I can’t claim the words of wisdom in the title as my own. They come from the financial commentator, businessman, author and investor, Robert Kiyosaki, whose worth is valued at $80m, a fact which probably makes him worth listening to when it comes to financial advice. The full quote is actually ‘It’s not how much money you make, but how much money you keep, how hard it works for you, and how many generations you keep it for.’ While the words are not mine I wholeheartedly agree with them.

Let me take you on a journey to meet your future self. You’re 60 or 65 years old and on the cusp of retirement. You’re looking back on a successful career, a tidy final salary and a working life during which you have bought and done pretty much what you want when you want. That’s all well and good but will you also be congratulating yourself on the size of the pension pot you have been able to accumulate with your generous earnings over the course of your career, or will you be wondering just how to sustain that lifestyle for the next few decades because you have spent all you earned?

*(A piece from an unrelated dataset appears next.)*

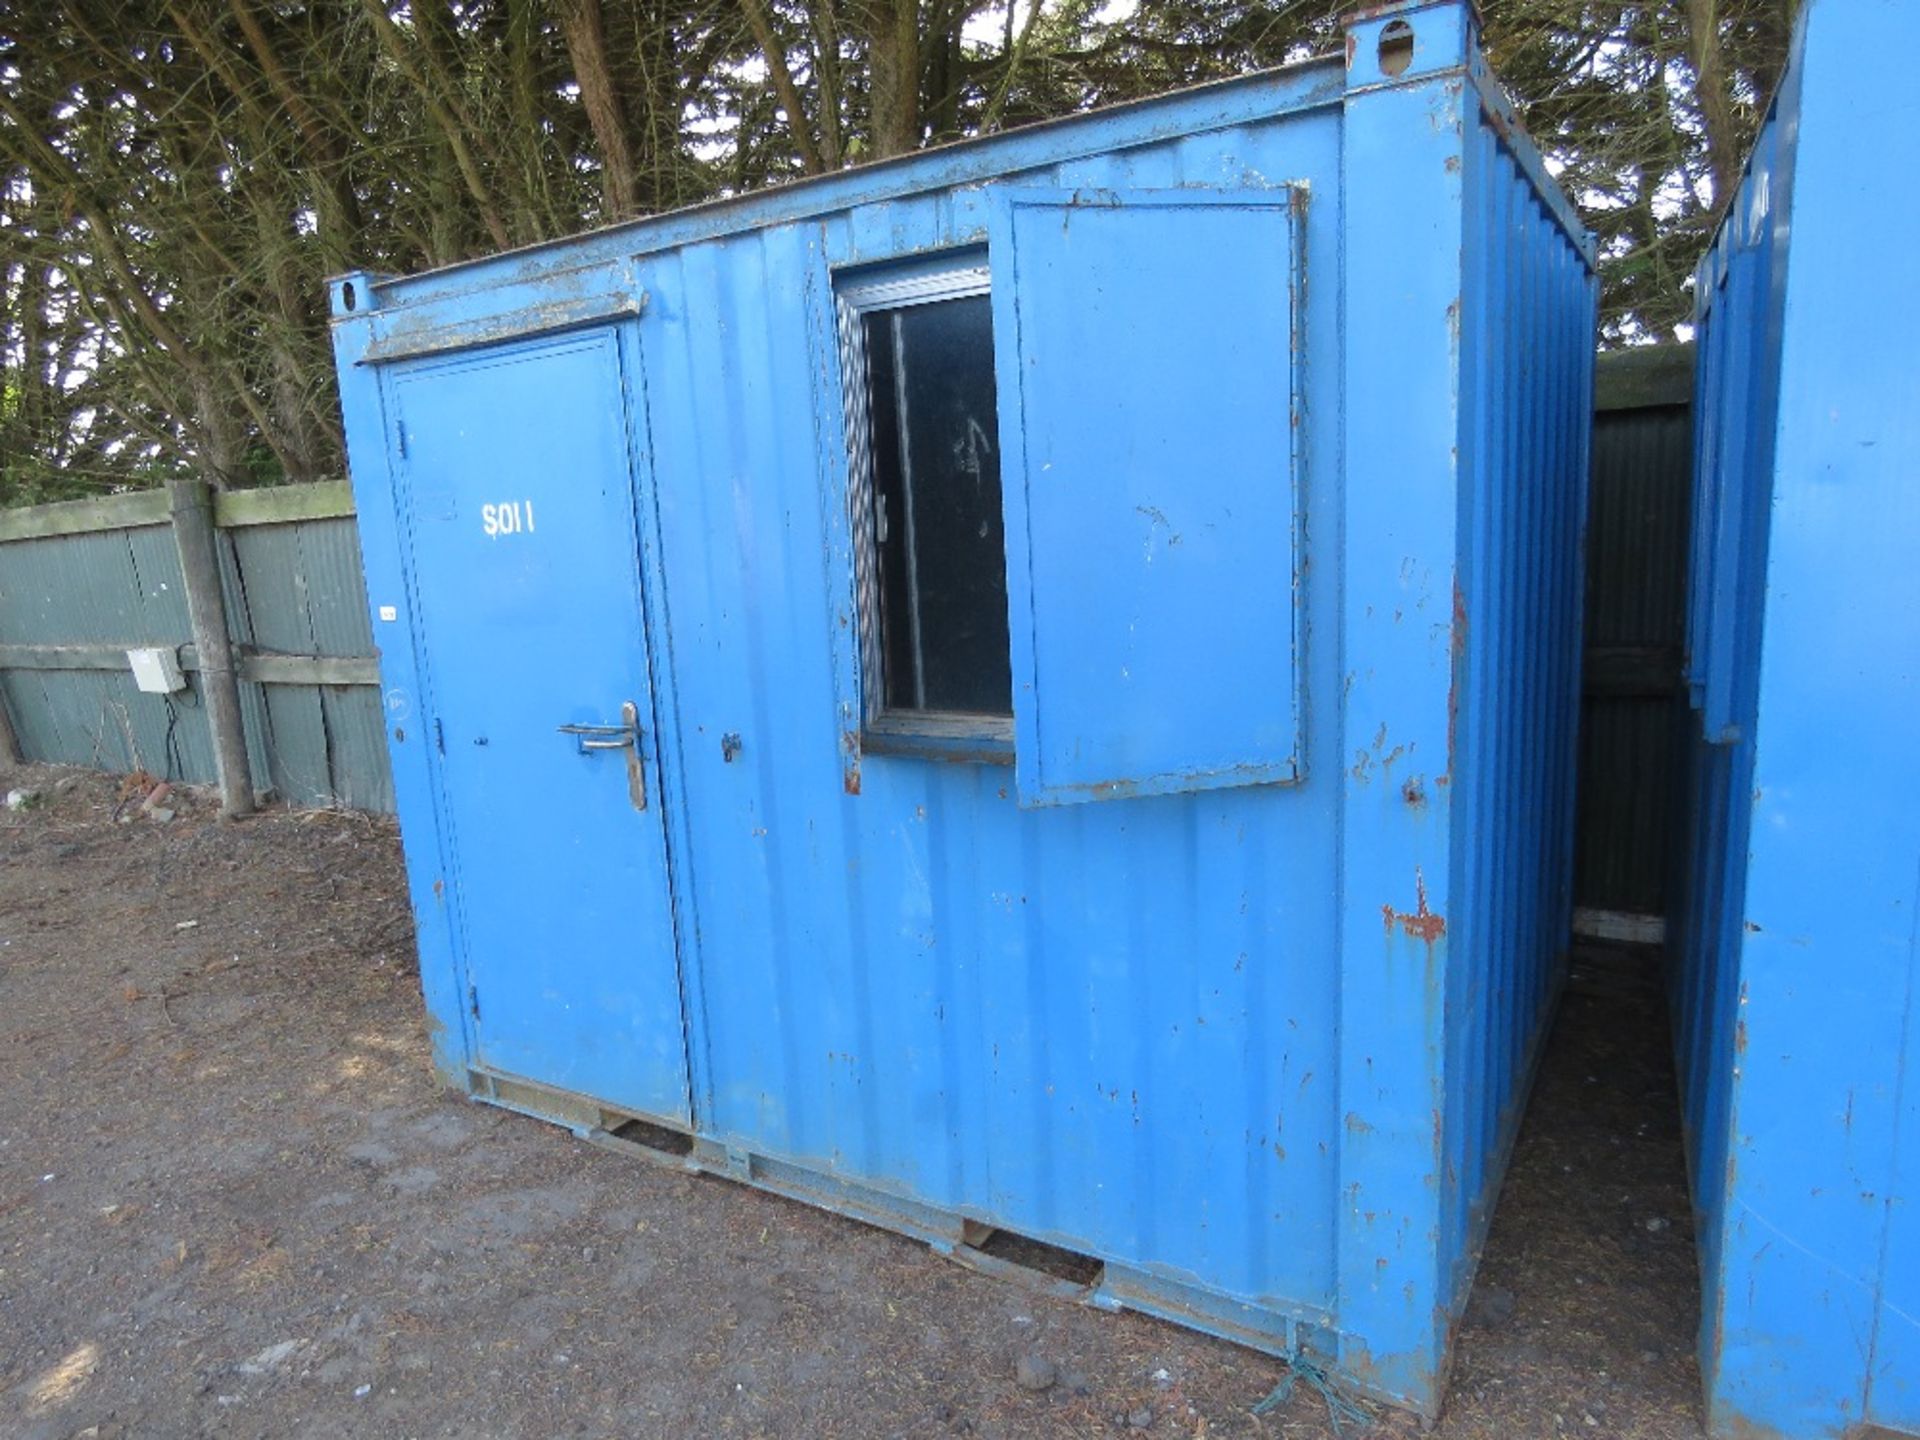 SECURE SITE OFFICE WITH KEY. 10FT X 8FT APPROX. SO11. - Image 2 of 3

Because living luxuriously and acquiring everything your heart desires is all well and good but it doesn’t guarantee your future financial security. To do that you need to live on less than you make and commit to investing the rest.

This is a message that is difficult to get across to the young. The benefits of saving are hard to see when you are fit and healthy and retirement is decades away but it is precisely the young who can benefit the most from the magic that is compounding. Compounding is a highly dependable way to make your savings work for you. Here’s a very simple example to show how.

You get a bonus of $15,000 and decide to invest it in a savings plan. It earns an average 5% annual return. At the end of year one your $15,000 has earned interest of $750. You reinvest this so that by the end of year two, with interest remaining at 5%, you have not only earned $750 on the initial investment but an additional $37.50 on the interest from year one. That’s essentially free money. While this figure is not in itself life-changing, over a forty year period your $15,000 will grow to just shy of $106,000. Now that is impressive – you’ve made $91,000 with no effort on your part, bar resisting the temptation to spend your accumulating pot of cash!

Of course your pot will grow far more if each month you accumulate additional savings. Even a relatively modest addition of $200 each month will bump your pot to over $400,000 after 40 years. And that is exactly why Albert Einstein called compounding the eighth wonder of the world and why starting to save early is a no brainer.

Many clients claim that they can’t afford to save but you don’t need to start big and there are always small ways that you can cut back on spending in order to be able to save even a little. Cut the gym membership and do exercise that doesn’t cost you anything, have friends for dinner once a month instead of going out, take a packed lunch to work instead of shelling out for a Starbucks sandwich and coffee every day, limit alcohol to the weekends. It’s all about getting into habits which become second nature. Start saving a little each month and build up the amount as your salary increases. Once you start to see your pot accumulating and the benefits of the sacrifices you are making, you will want to save more.

And you can be sure that your future about-to-retire self will thank you for the lovely comfortable retirement that they have to look forward to, not to mention the gratitude from your future generations that Robert Kiyosaki talks about!